• **Work instructions**
All of the data must be written out verbatim, with pictures excluded.

• **Dataset excerpt**
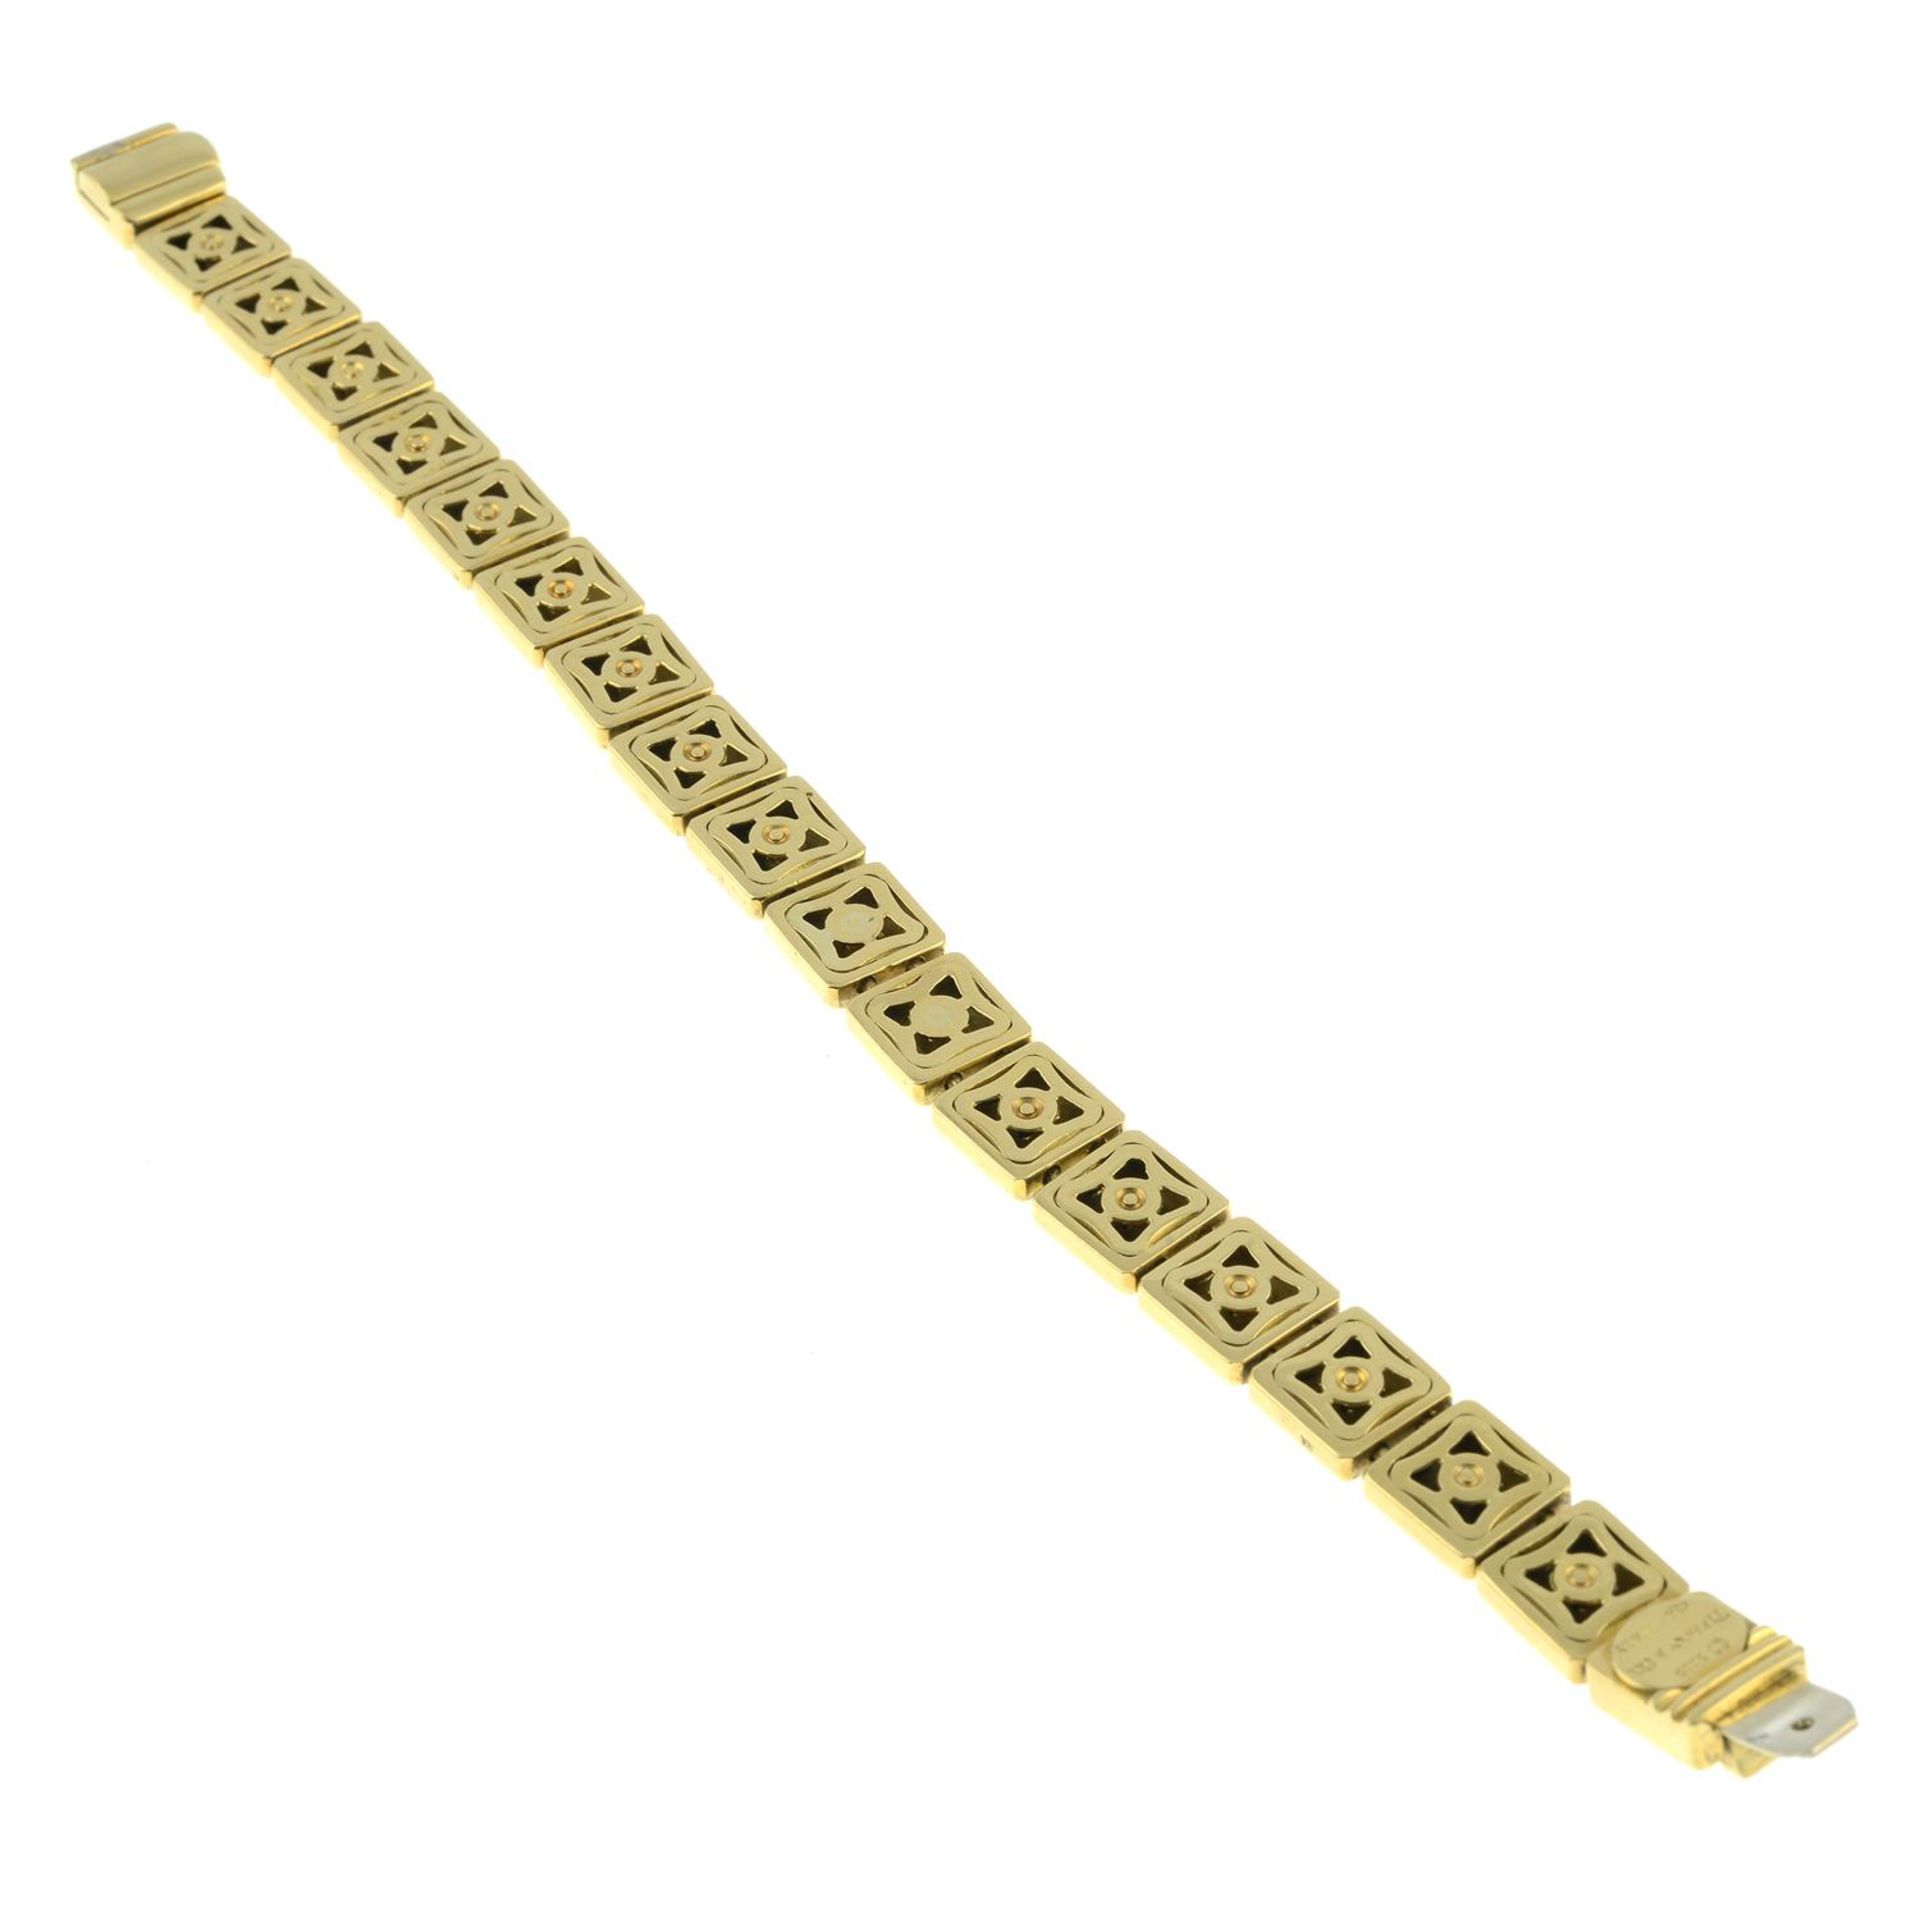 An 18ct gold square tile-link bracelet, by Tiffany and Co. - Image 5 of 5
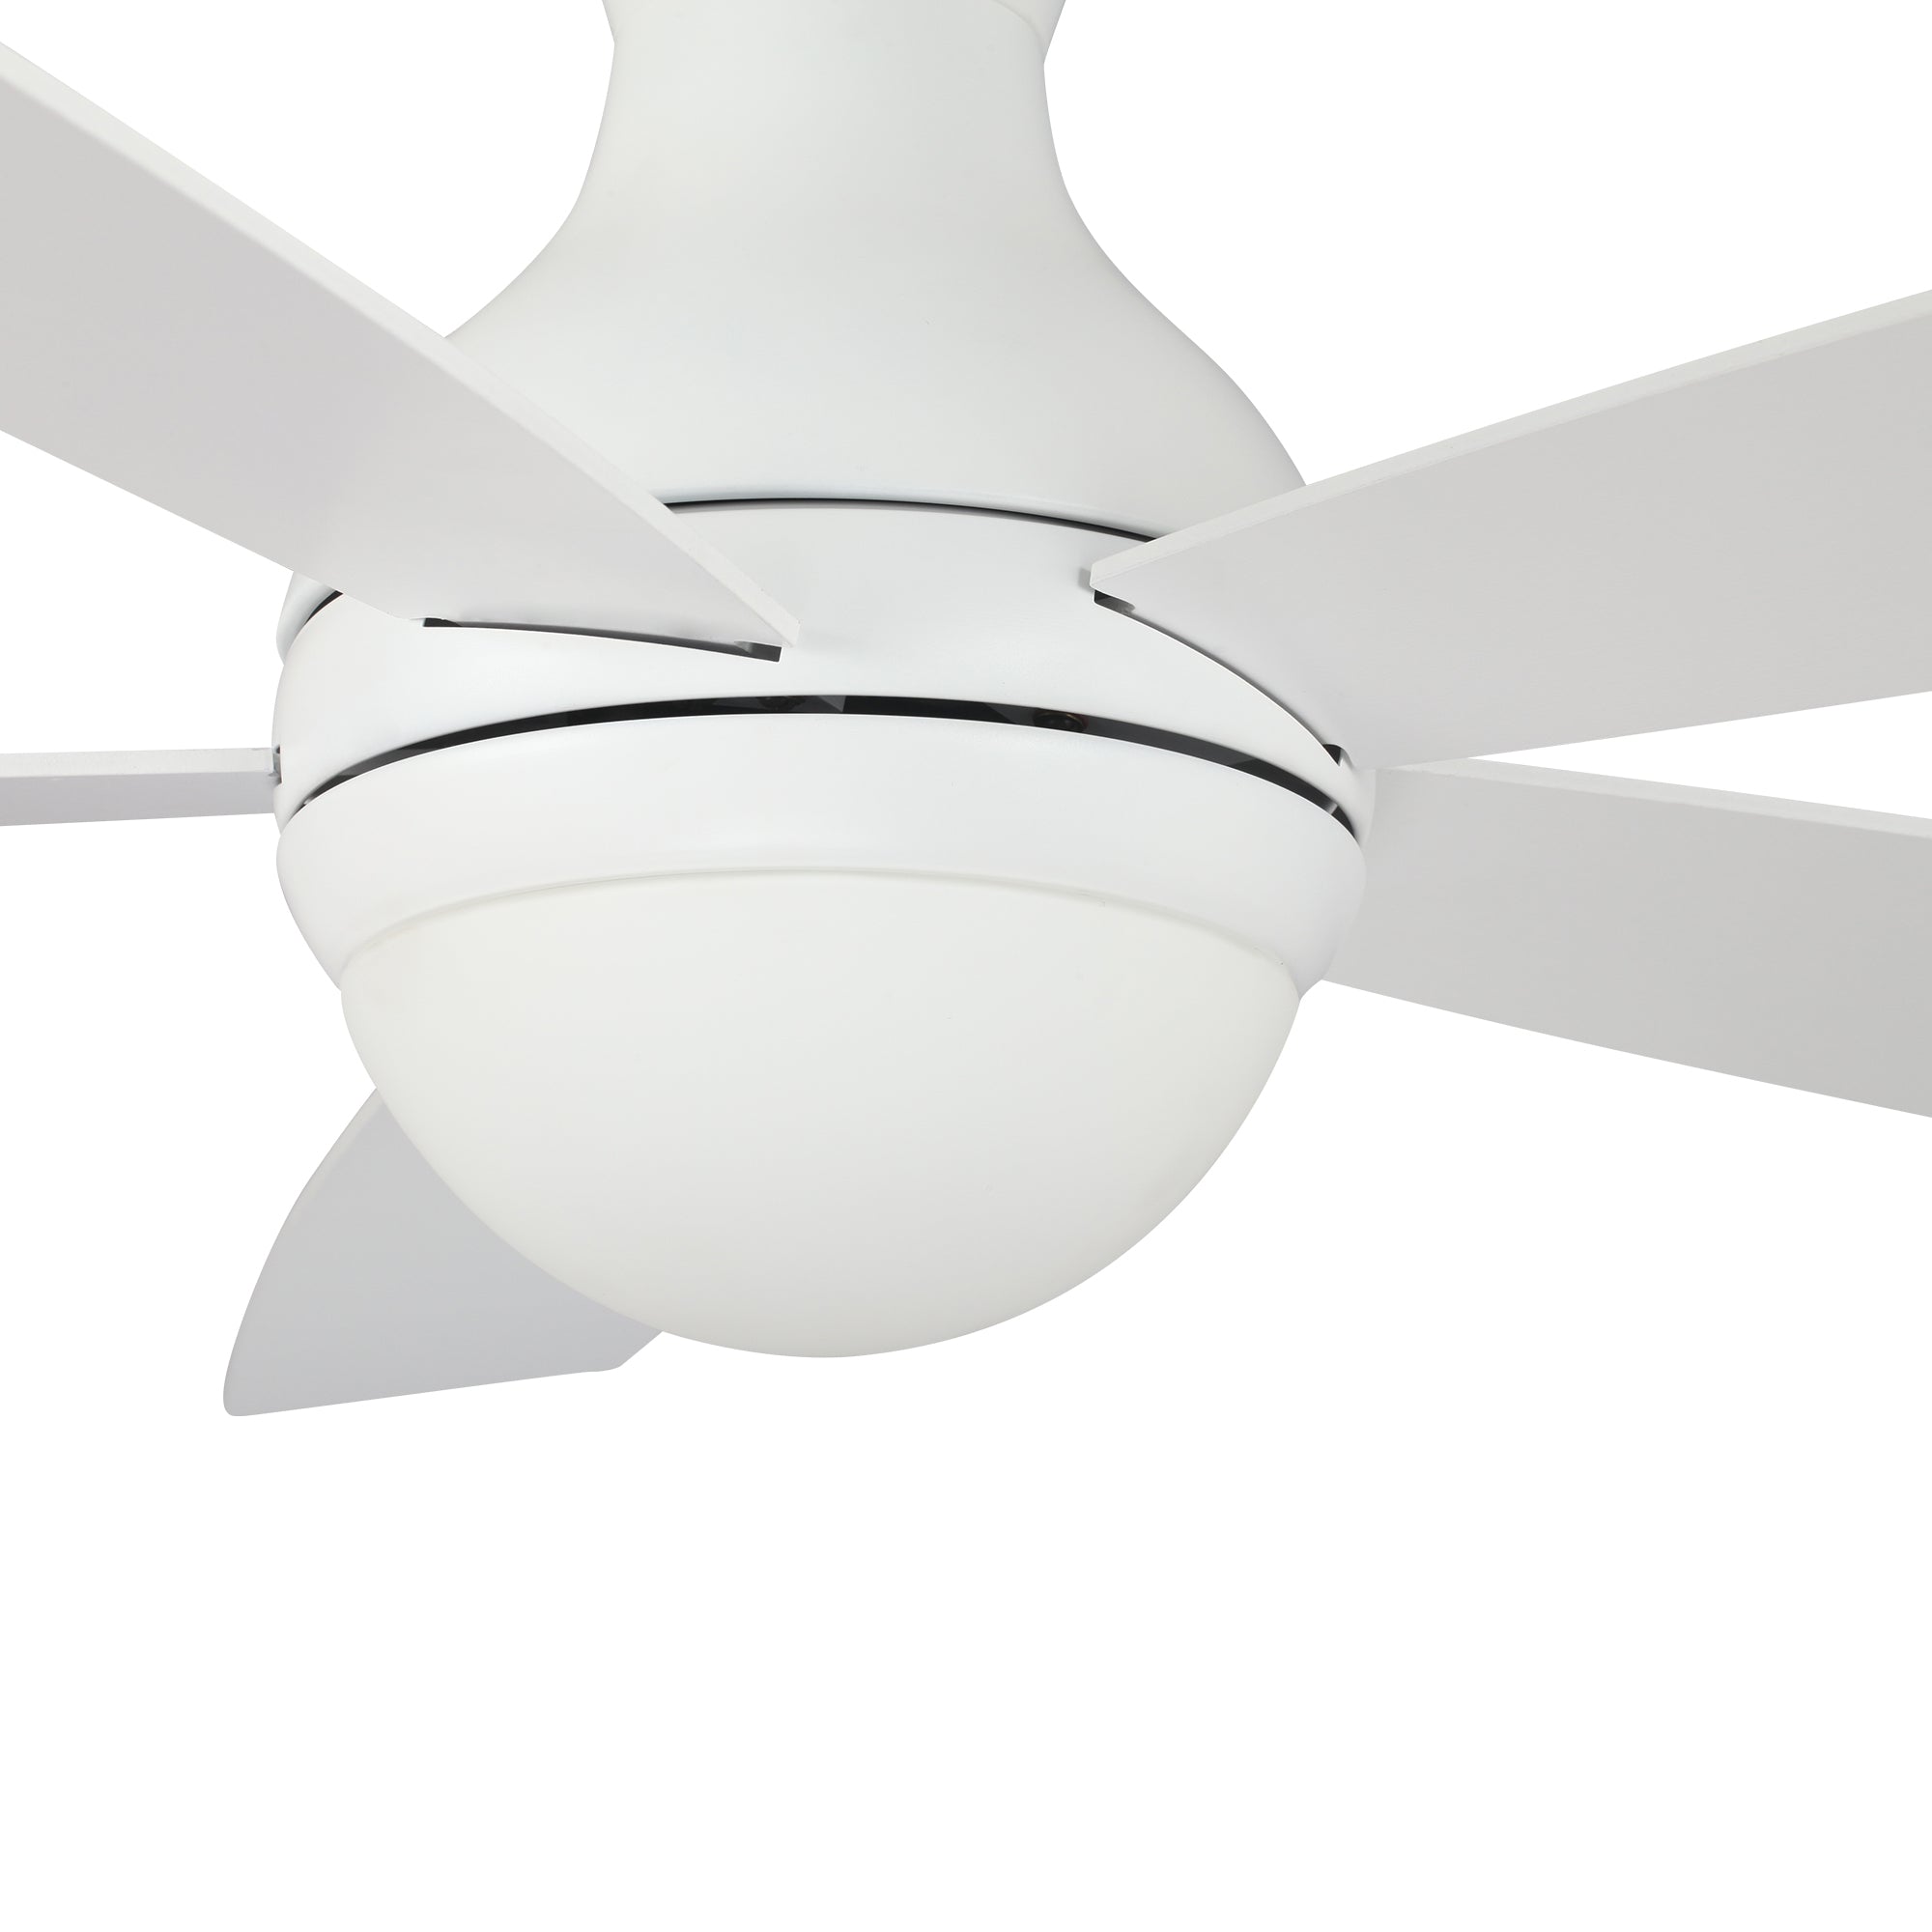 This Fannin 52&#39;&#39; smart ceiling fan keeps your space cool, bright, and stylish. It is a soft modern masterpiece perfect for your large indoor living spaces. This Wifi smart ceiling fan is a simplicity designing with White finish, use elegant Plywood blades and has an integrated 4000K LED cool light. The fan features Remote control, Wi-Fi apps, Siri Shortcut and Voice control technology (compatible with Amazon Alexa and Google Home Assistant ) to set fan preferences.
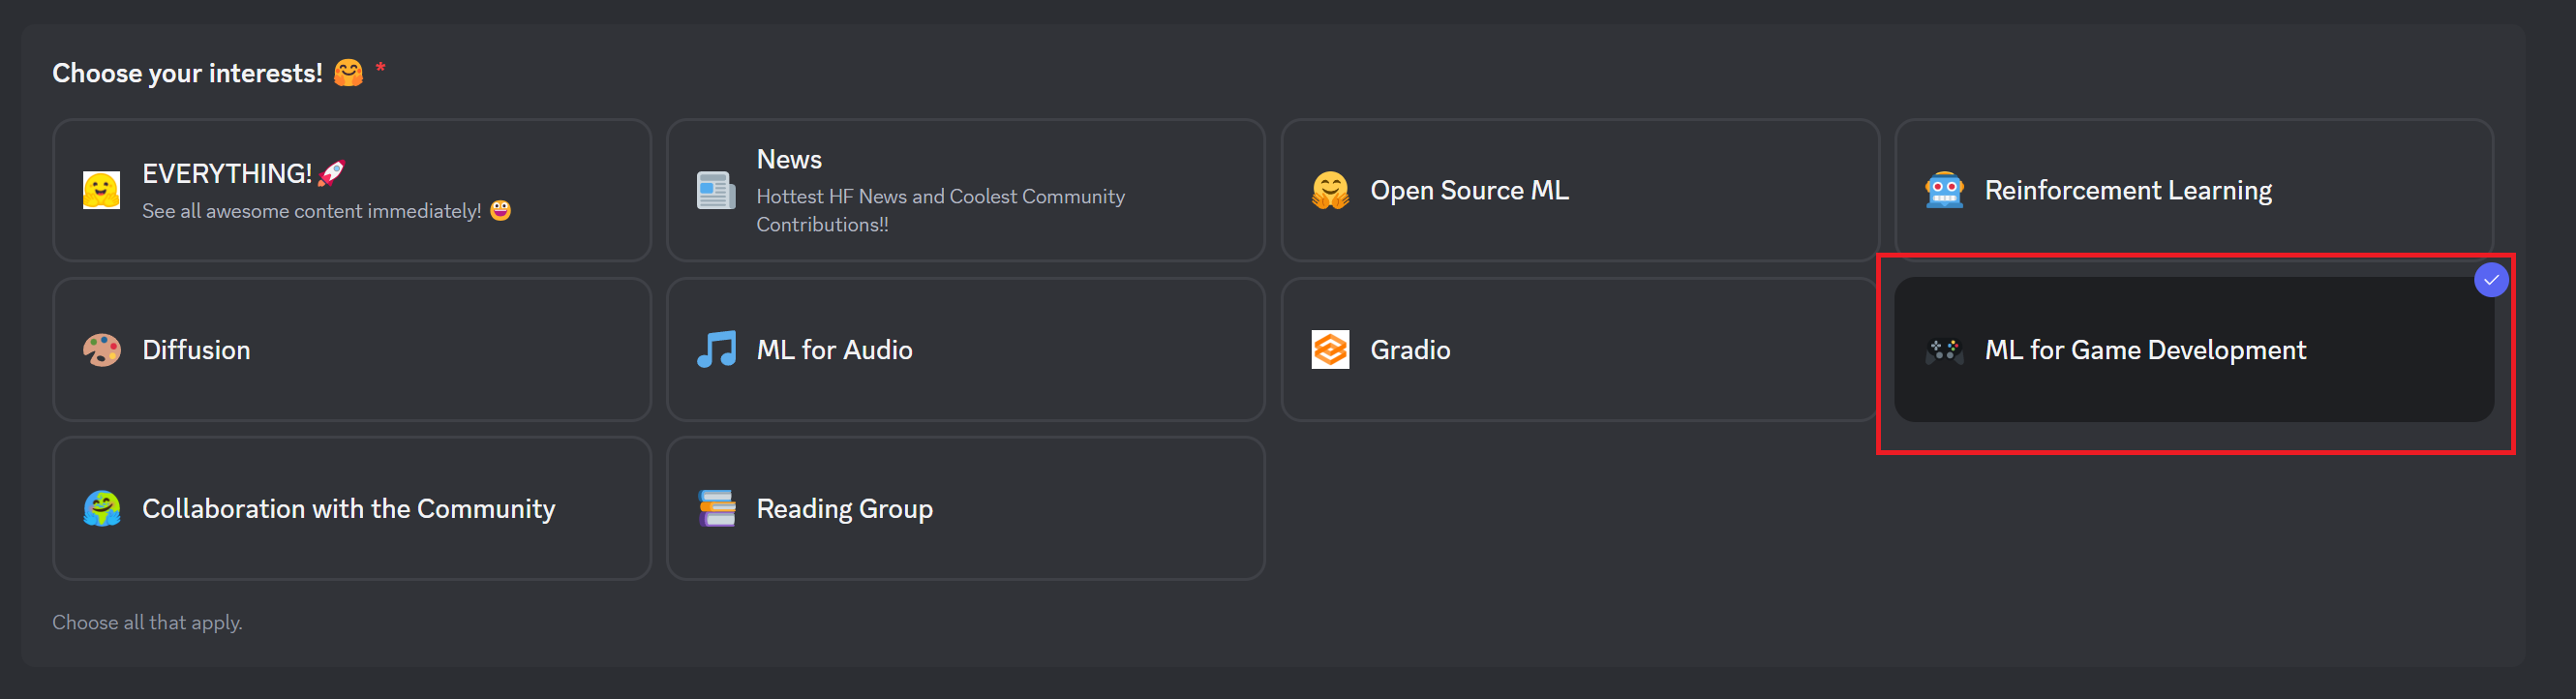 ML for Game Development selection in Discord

• **Solved problem**
 An 18ct gold square tile-link bracelet, by Tiffany and Co. - Image 5 of 5
 This Fannin 52&#39;&#39; smart ceiling fan keeps your space cool, bright, and stylish. It is a soft modern masterpiece perfect for your large indoor living spaces. This Wifi smart ceiling fan is a simplicity designing with White finish, use elegant Plywood blades and has an integrated 4000K LED cool light. The fan features Remote control, Wi-Fi apps, Siri Shortcut and Voice control technology (compatible with Amazon Alexa and Google Home Assistant ) to set fan preferences.
 ML for Game Development selection in Discord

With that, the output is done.